Zunahme der Gewaltverbrechen in Macau

Macau strotzt vor Kraft und hat sich innerhalb von nur wenigen Jahren zur umsatzstärksten Gambling-Metropole der Welt entwickelt. Doch die Megagewinne lassen offenbar auch die Verteilungskämpfe härter werden. Eine Serie von Morden und der Anschlag auf einen einflussreichen Casino-Mogul kratzen am Image der Boom-City.

33 Casinos erwirtschaften in Macau mittlerweile über 33 Milliarden Dollar Umsatz pro Jahr. Die Wirtschaft prosperiert und trotzdem werden in der Stadtregierung immer mehr Stimmen laut, die auf eine familienorientierte Politik setzen.

Doch in der Realität scheinen seit kurzem die Verteilungskämpfe der 90er Jahre zurückzukehren. Schon Mitte Juni war der Besitzer des „Greek Mythology“ Casinos, Mr. Ng Man Sun während des Abendessens in seinem Restaurant von sechs Männern überfallen worden. Die Angreifer attackierten den 65-Jährigen mit Hämmern und Keulen. Dabei vermieden sie Kopfverletzungen brachten Man Sun aber schwere Verletzungen an Armen und Beinen bei. Eine klare Handschrift der chinesischen Mafia (Triaden).

Auch die Mordrate ist in den vergangenen Wochen in die Höhe geschnellt. Zwischen Mai 2011 und Juni 2012 hatte es gerade einmal drei Morde innerhalb des Gambling Districts in Macau gegeben. In den vergangenen zwei Wochen waren es fünf.
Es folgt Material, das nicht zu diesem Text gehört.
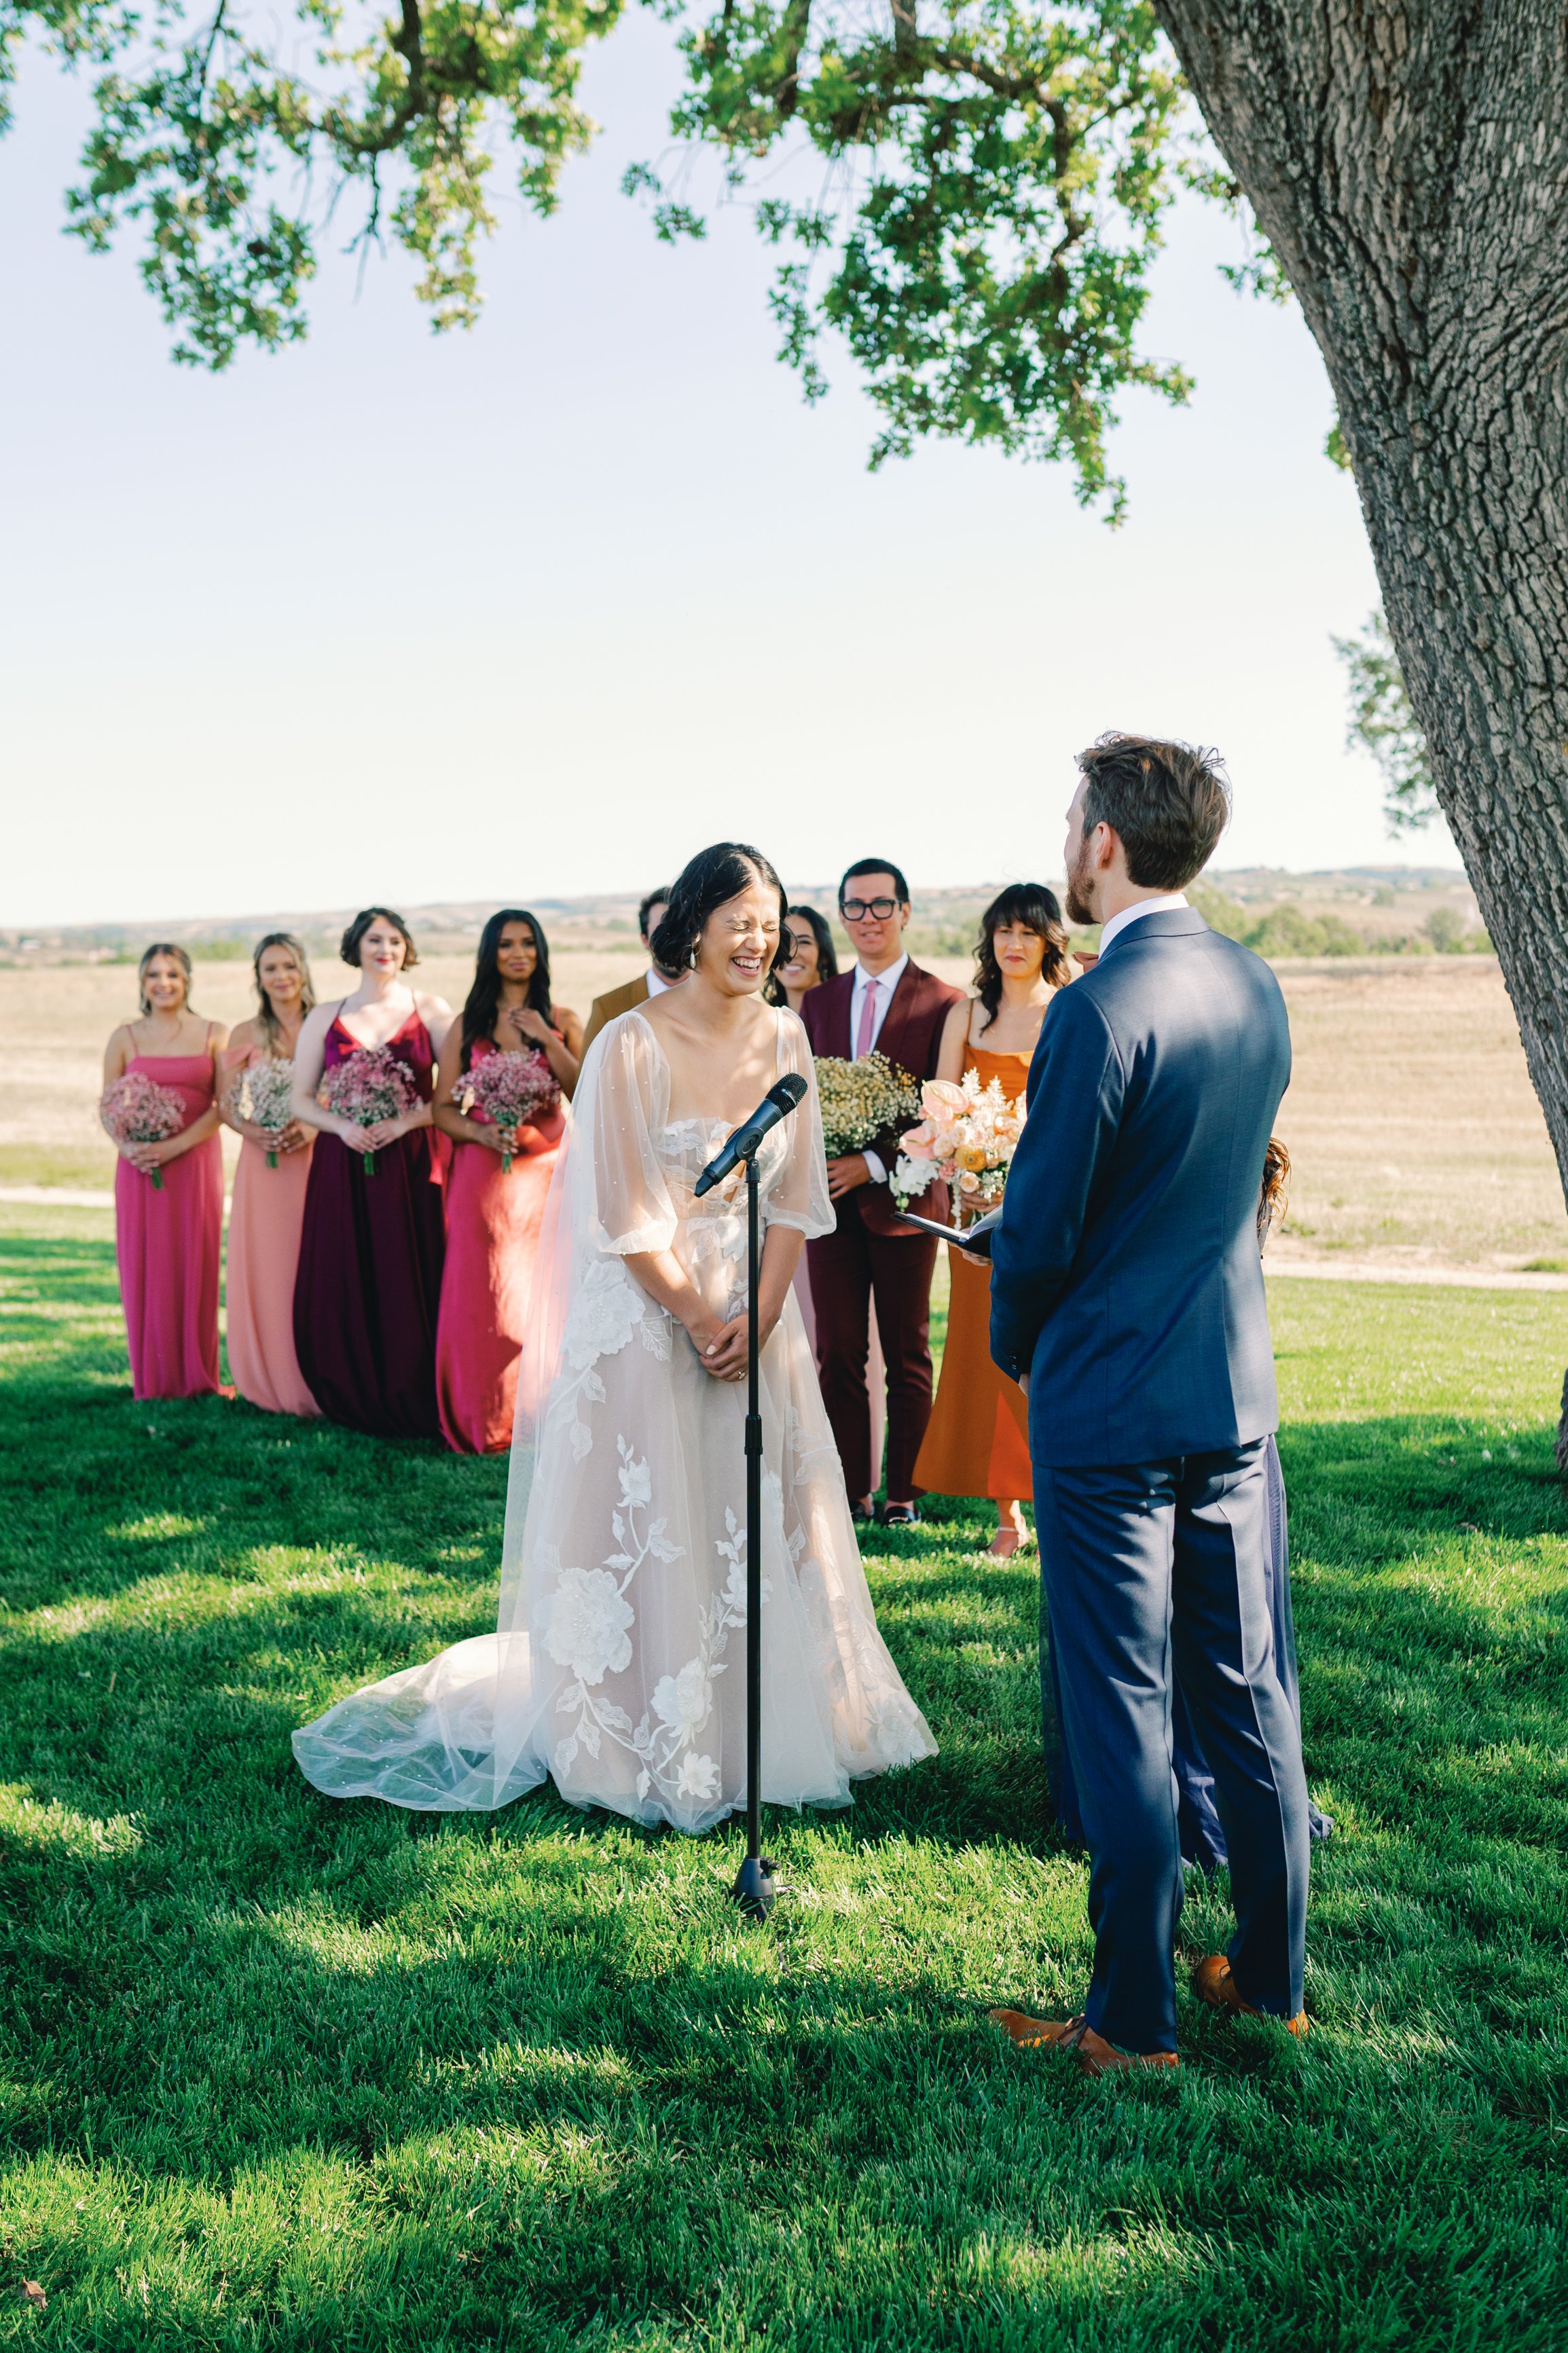 www.santabarbarawedding.com | Augusta Ottillia Photography | Megan Rose Events | Fallen Oaks Estate | Brooke Edelman | All About Events | Meagan Fondren | The Ceremony

Am 14. Juli waren zwei Männer im Grand Lapa Hotel tot aufgefunden worden. Ein Freund erklärte der Polizei später, dass beide Ermordeten Probleme mit Spielschulden gehabt hätten. Ein dritter Mord wurde vom CEO der Sicherheitsfirma Steve Vickers & Associates ebenfalls mit der Gambling Industrie in Zusammenhang gebracht. Gegenüber einer Zeitung erklärte er: „Macau geht durch eine Periode der Instabilität. Es scheint ganz offensichtlich ein Problem mit Spielsüchtigen und der Kreditmafia zu geben.“

Die Vergabe von illegalen Krediten hat in Macau einen eigenen Geschäftszweig aufblühen lassen. So genannte Junket Operators vergeben unbegrenzte Kredite mit brutalen Rückzahlungs-Konditionen. Von den Kreditnehmern werden gigantische Zinsen genommen. Als Sicherheit werden meist die Pässe und ID-Dokumente einbehalten. Bei Problemen werden die Familien und Angehörigen belästigt. Im worst case droht schwere Körperverletzung oder Mord.

Laut dem Analysten Larry So werden durch die Junket Operator, die ebenfalls eine große Zahl an Luxus-Dienstleistungen anbieten, fast 70 Prozent der Umsätze in Macau kontrolliert. Nachdem es in den 90er Jahren bei den Verteilungskämpfen der Underground-Könige zu zahllosen Bombenanschlägen, Schießereien und Überfällen gekommen war, schien man sich in den vergangenen zehn Jahren auf ein Friedensabkommen geeinigt zu haben. Damit könnte es nun ein Ende haben.